PROBLEM:
Copy the data that follows exactly, and include none of its images.

THE DATA:
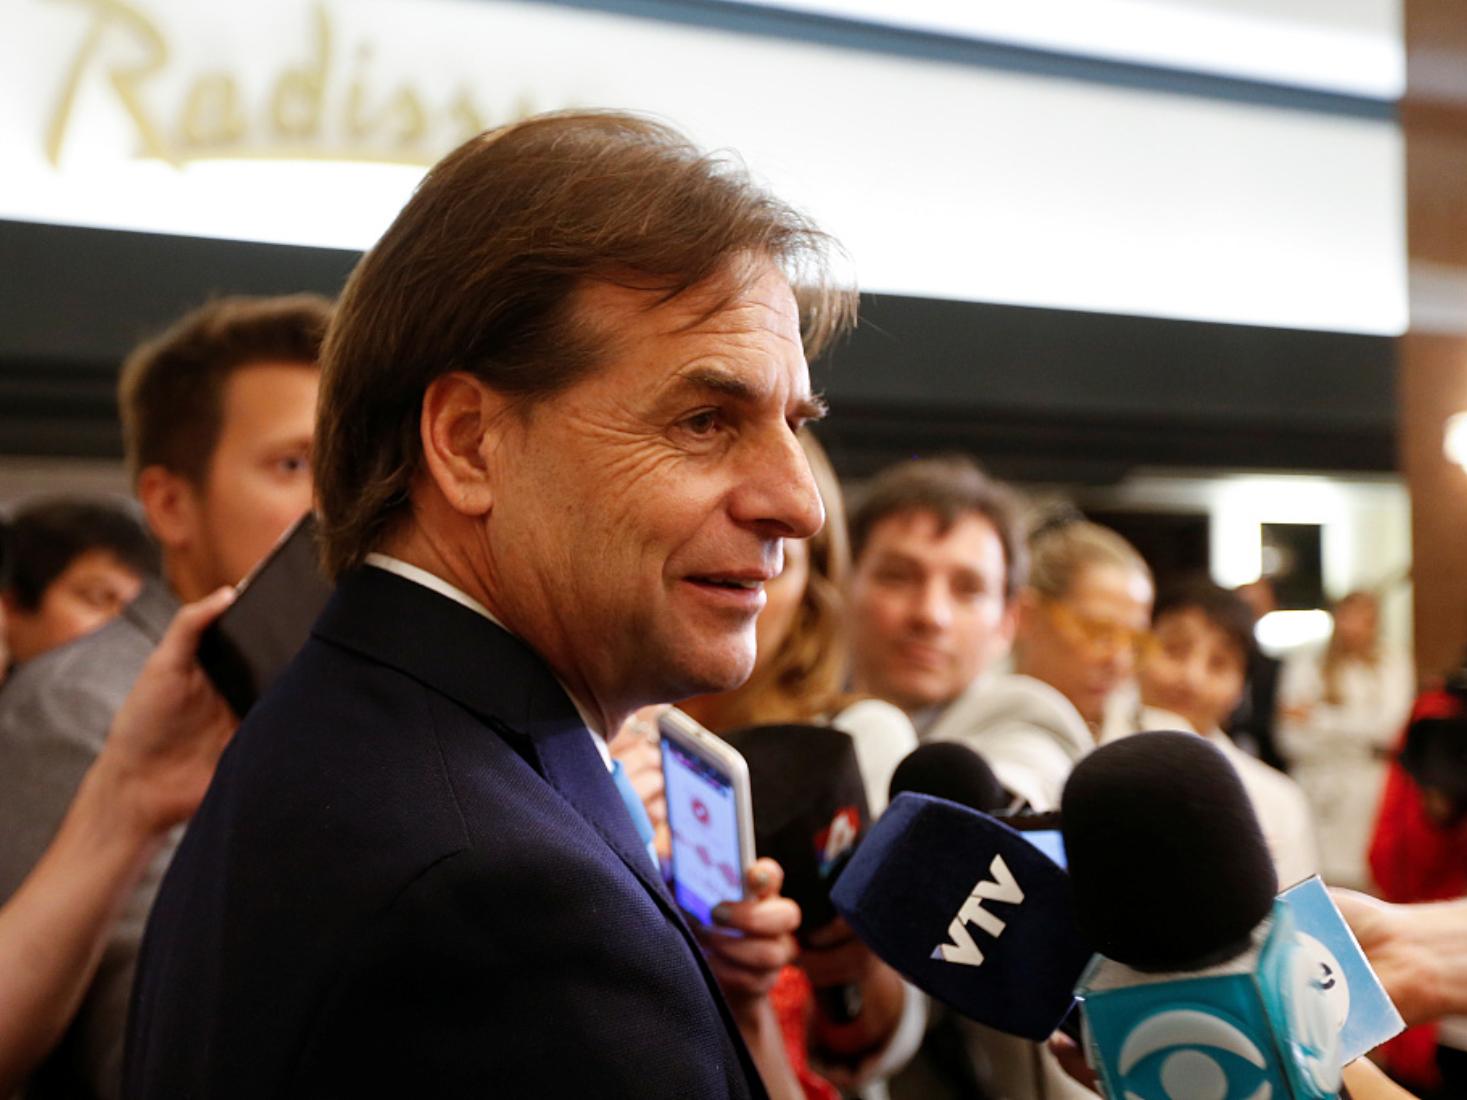 Uruguay's Electoral Court proclaims Lacalle Pou as president-elect
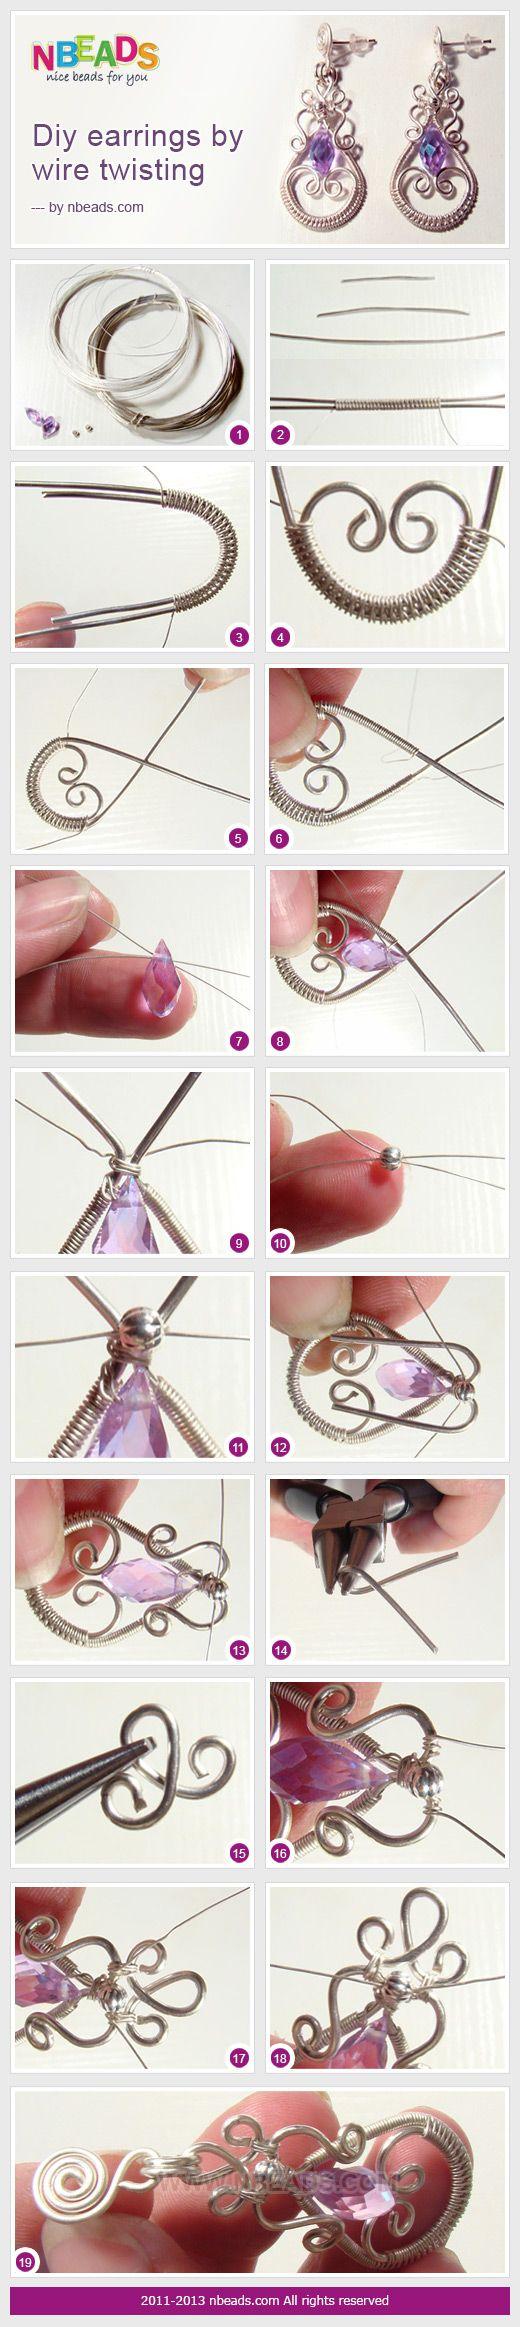 diy earrings by wire twisting
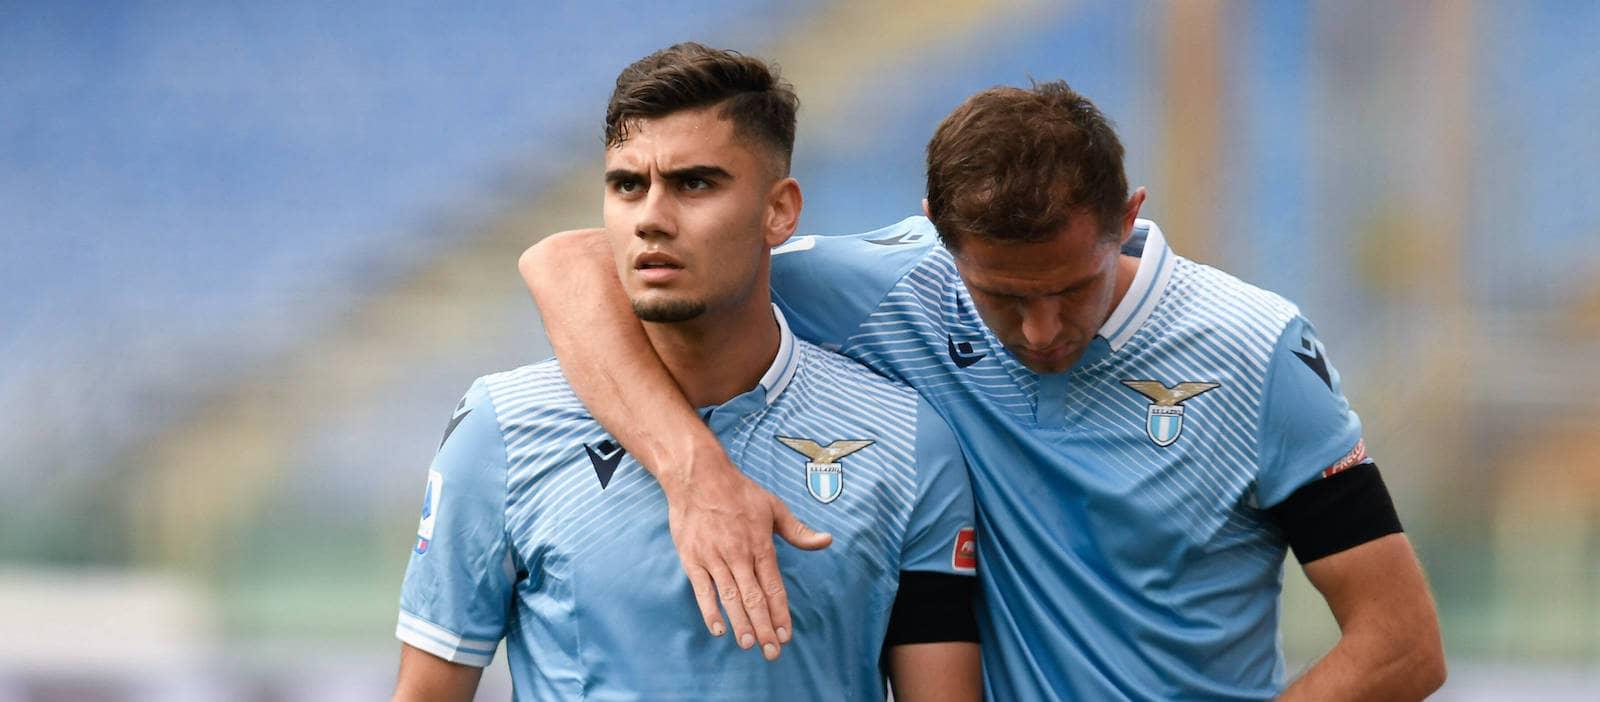 Maurizio Sarri wants Andreas Pereira to remain at Lazio next season - Man  United News & Transfer News | The Peoples Person

RESULT OF THIS TASK:
 Uruguay's Electoral Court proclaims Lacalle Pou as president-elect
 diy earrings by wire twisting
 Maurizio Sarri wants Andreas Pereira to remain at Lazio next season - Man  United News & Transfer News | The Peoples Person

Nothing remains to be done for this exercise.